Multimodal Embeddings
Image, video, and audio embeddings. Voyage Multimodal 3.5, Gemini 2, CLIP, SigLIP.
Vector Databases
Pinecone, Weaviate, Qdrant, pgvector, LanceDB, Milvus. When to pick each, comparison matrix.
Hybrid Search
BM25 + dense + RRF fusion. Why hybrid beats dense-only. TypeScript examples with Qdrant + OpenSearch.
Reranking
Two-stage retrieval. Cohere Rerank 3.5/4.0, Voyage Rerank 2.5, BGE. Cost vs. quality trade-offs.
Chunking Strategies
Fixed, semantic, late, contextual (Anthropic). Overlap, anti-patterns, prompt caching.
Knowledge Graphs
Neo4j, KuzuDB, GraphRAG, LightRAG. When graph retrieval beats vectors. Hybrid graph+vector.
Agentic RAG
Query planning, multi-hop retrieval, self-RAG, reflection loops. LangGraph, LlamaIndex.
Evaluation Frameworks
RAGAS (faithfulness, context recall), MTEB, BEIR, recall@k, nDCG. TypeScript eval loops.
Anti-Patterns
Dense-only retrieval, no chunking, no reranking, stale embeddings, skipping evaluation.

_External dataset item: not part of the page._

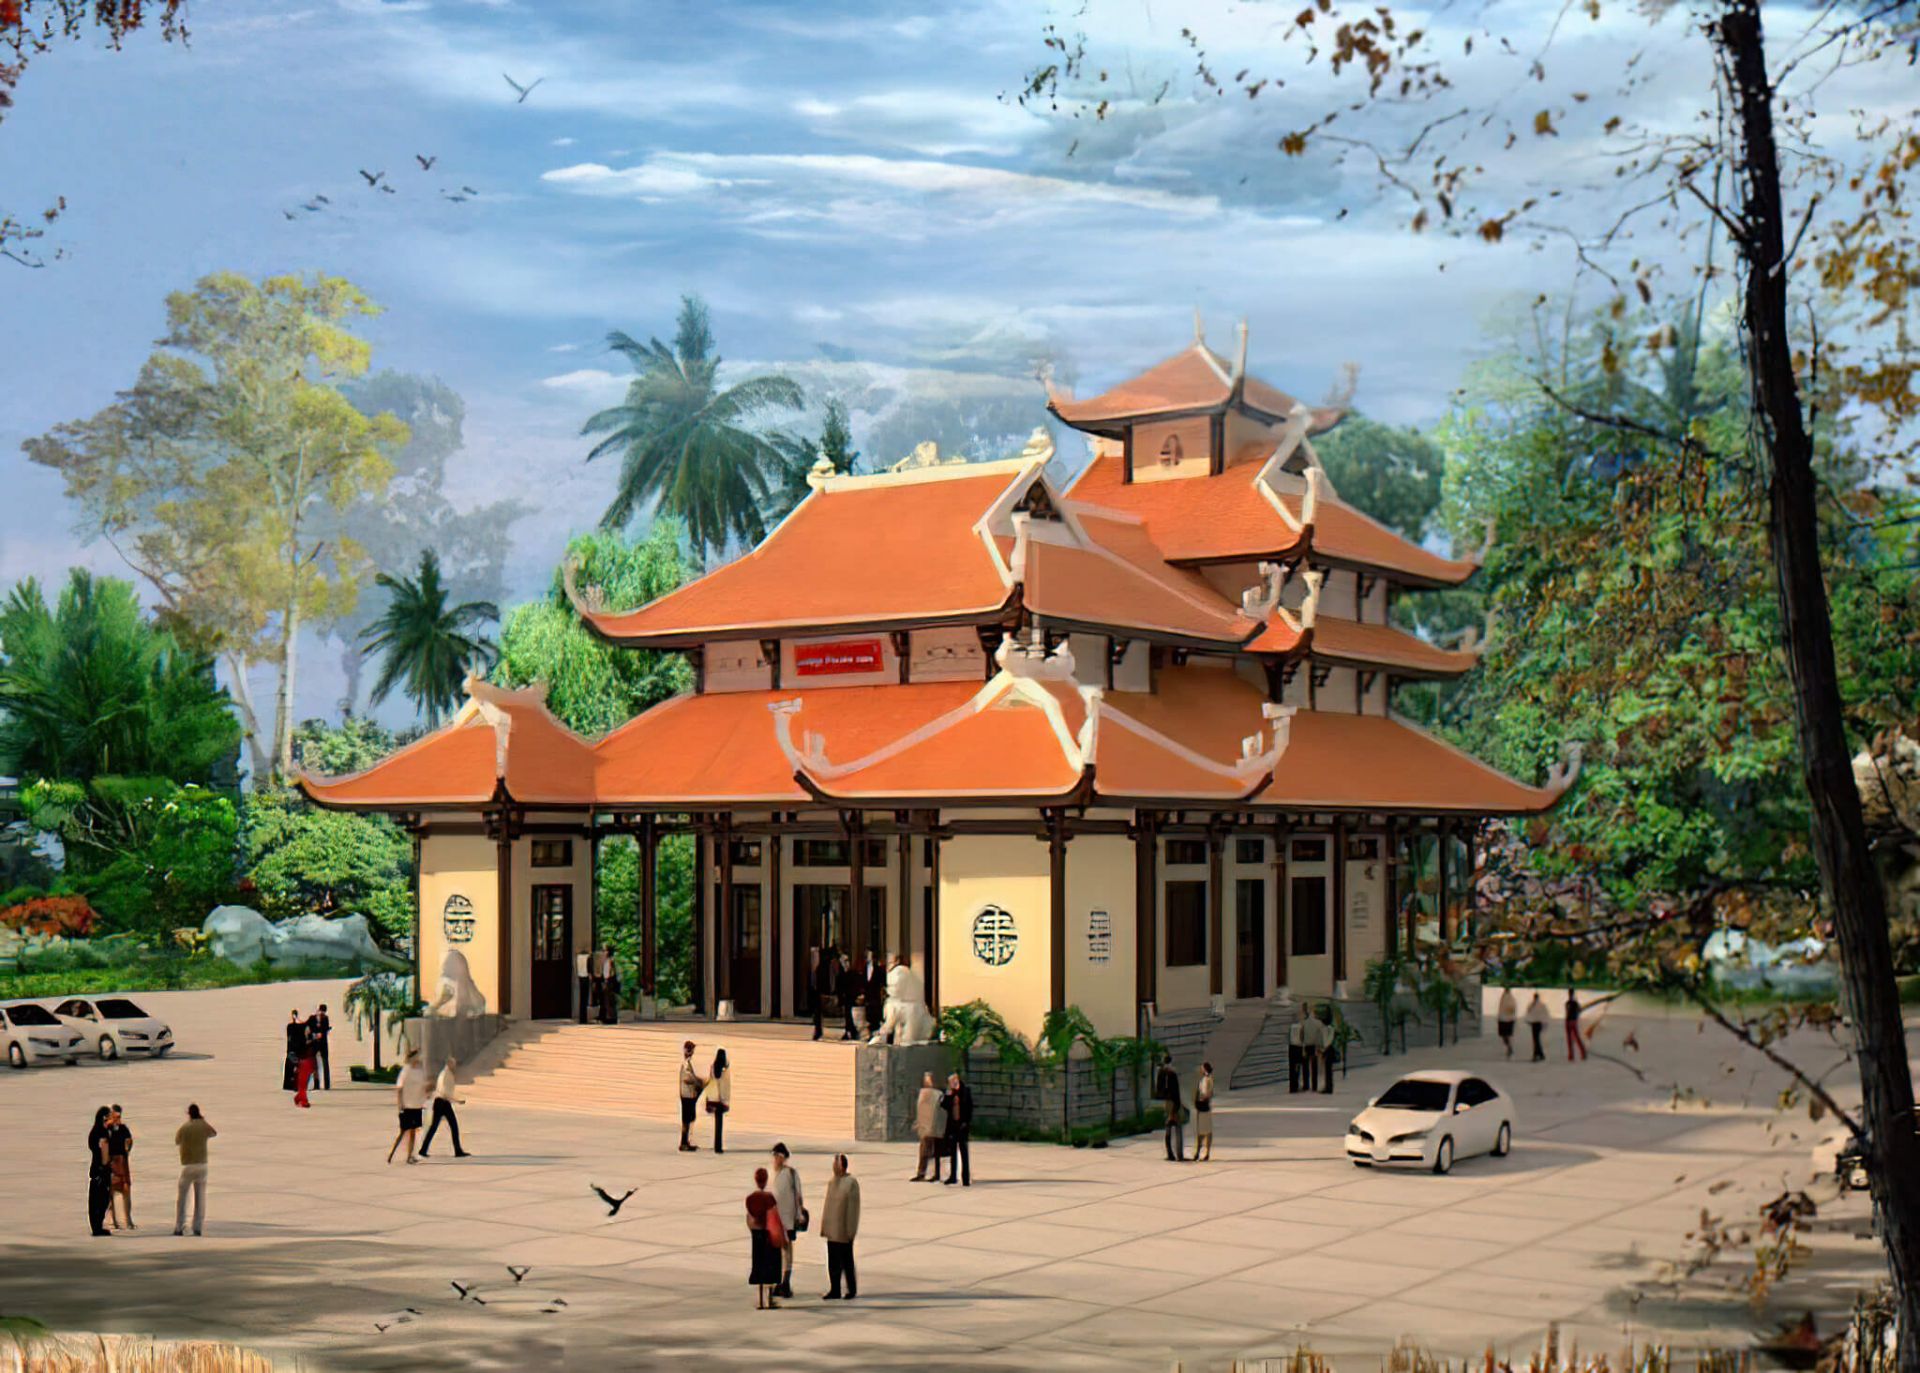 Nguyên tắc trong thiết kế chùa Việt cần nắm bắt

Why this dimension matters for agents
AI agents cannot "just figure out" where information lives or how to retrieve it. They depend entirely on what the system exposes:
- Dense-only retrieval fails on rare terms. Agents asking about niche features need exact keyword matches + semantic understanding. Hybrid search provides both.
- Single-stage retrieval misses multi-hop reasoning. Complex questions (e.g., "which vendors supply my manufacturer, and who are their competitors?") need agentic query decomposition and iteration.

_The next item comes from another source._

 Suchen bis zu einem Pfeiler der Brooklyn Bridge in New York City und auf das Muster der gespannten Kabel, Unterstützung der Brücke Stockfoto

- Raw chunks without context lose meaning. A chunk saying "revenue grew 3%" is useless without company, time period, and baseline. Contextual Retrieval prepends this.

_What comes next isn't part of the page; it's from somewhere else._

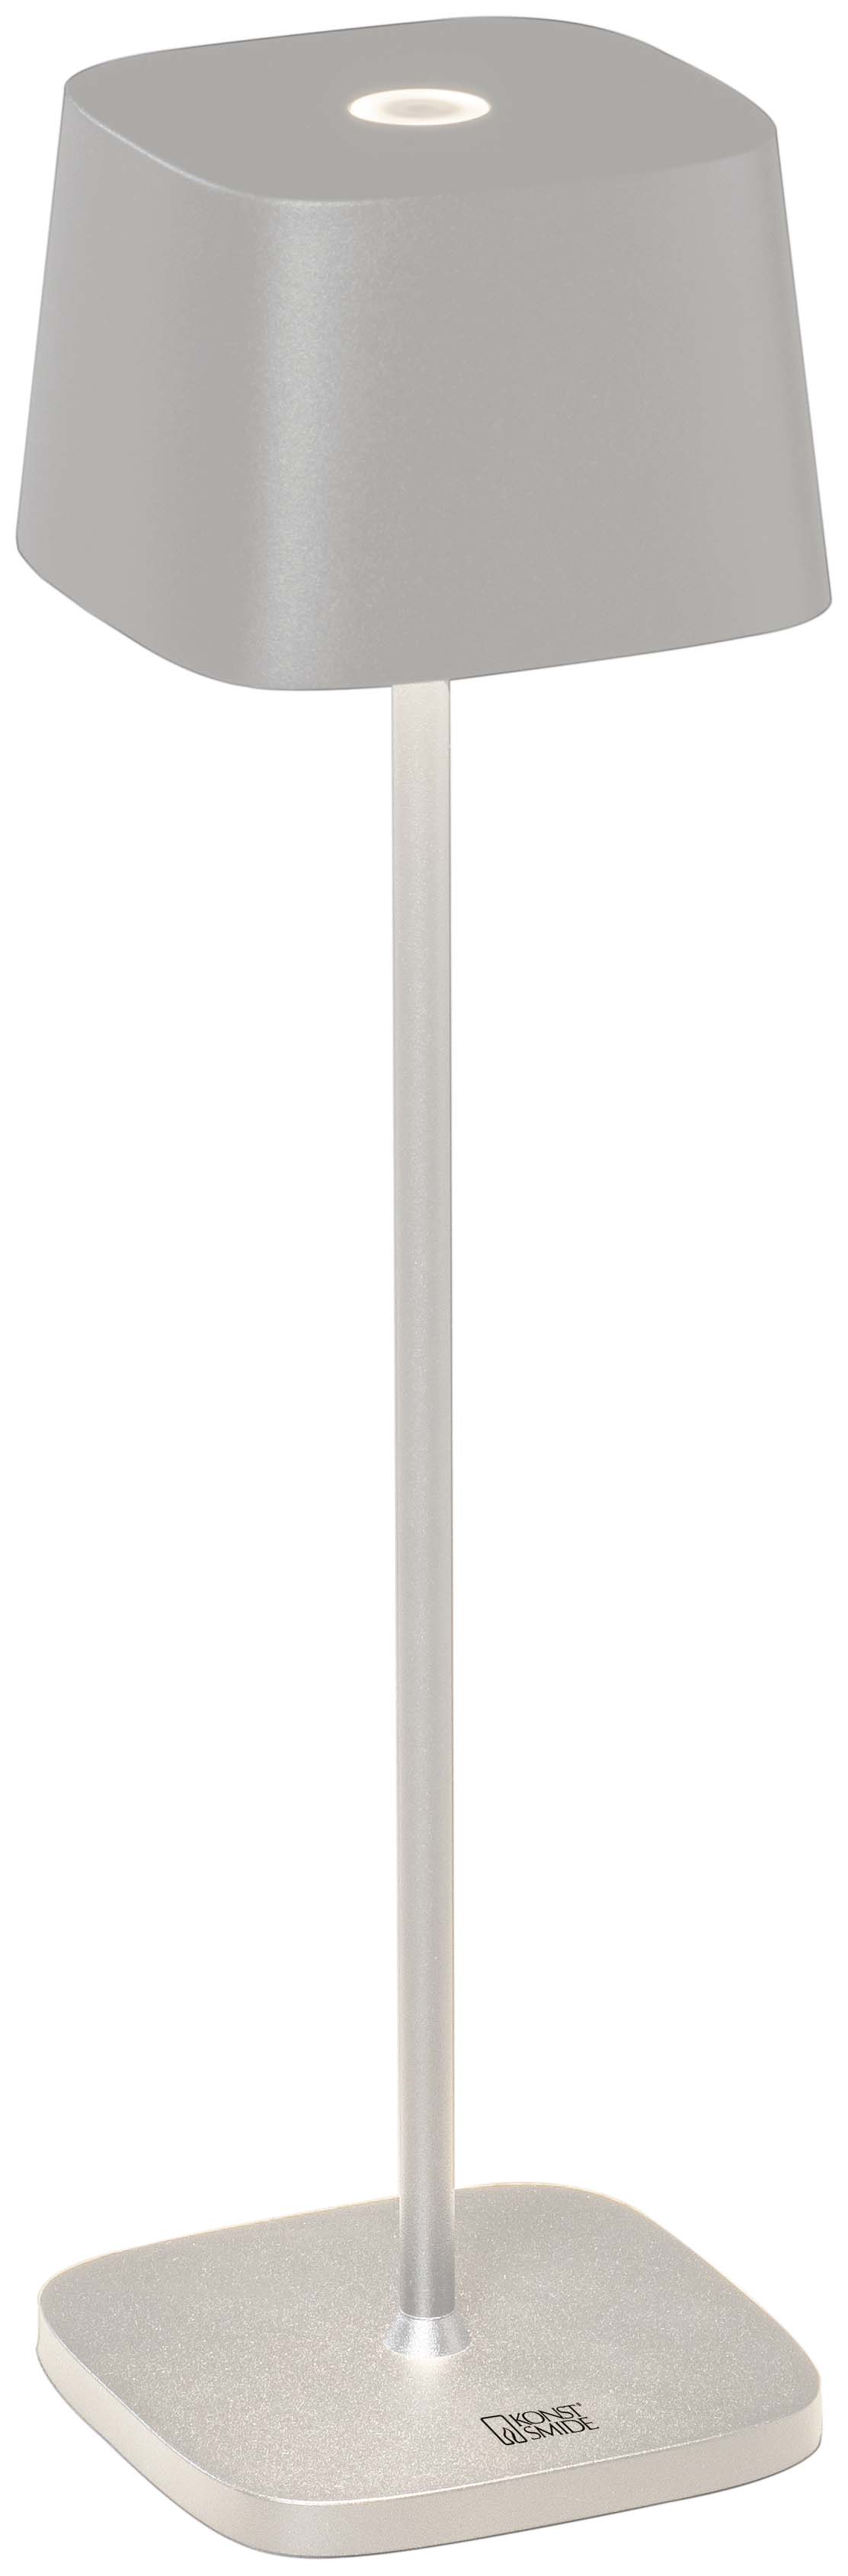 Capri blanc mat - Lampe d'extérieur LED - USB rechargeable - 36x10cm

- Opaque retrieval quality kills reliability. Without RAGAS metrics and domain evals, agents hallucinate based on poor retrievals. Measure everything.
- Token efficiency at scale is non-negotiable. Agents iterating over 10+ retrievals need LightRAG ($0.15 per doc) not GraphRAG ($4–7 per doc).
Implementation flow
- Choose embedding model → OpenAI, Voyage, or open-source based on cost/latency/modality
- Pick vector DB → Pinecone (managed), pgvector (cheap), Qdrant (flexible), or Weaviate (hybrid-native)
- Add hybrid layer → BM25 index (Elasticsearch, Typesense) + fusion (RRF) if not Weaviate
- Implement chunking → Fixed-size baseline; upgrade to Contextual Retrieval (Anthropic pattern)
- Add reranking → Cohere or Voyage two-stage retrieval (retrieve top-50, rerank to top-5)
- Build agentic RAG → Query planning + reflection loops (LangGraph or LlamaIndex)
- Evaluate constantly → RAGAS metrics in CI/CD, MTEB for embeddings, domain-specific tests
- Monitor drift → Re-embed samples monthly; track embedding similarity distribution
Common questions
Q: Do I need a vector database?
A: Yes, if you want agent-driven search. BM25 alone (keyword-only) fails on synonyms and paraphrasing. Vector DBs are table stakes.
Q: Dense or hybrid?
A: Hybrid always. Dense alone misses exact-match signals. Hybrid (BM25 + dense + RRF) beats either alone by 20–40% on MTEB-style benchmarks.
Q: How much does reranking cost?
A: ~$0.01 per 1M tokens (negligible). Retrieve broad (top-50 dense), rerank narrow (top-5 rerank). Saves downstream generation costs by filtering irrelevant docs.
Q: Contextual Retrieval sounds expensive.
A: Not with prompt caching. Cache the full document once (~50 tokens), reference it for chunk summaries. Cost amortizes to <<1% of embedding cost.
Q: GraphRAG or LightRAG?
A: LightRAG (2025). GraphRAG is 6,000x more expensive ($4–7 vs $0.15 per document). Use GraphRAG only if you need explicit community-traversal reasoning and budget allows.
Q: When do I need agents in RAG?
A: Simple queries (single-stage) work fine. Multi-hop (e.g., find all vendors), schema-driven (SQL + vector), or reflection-needing (rewrite, refine) queries need agentic RAG.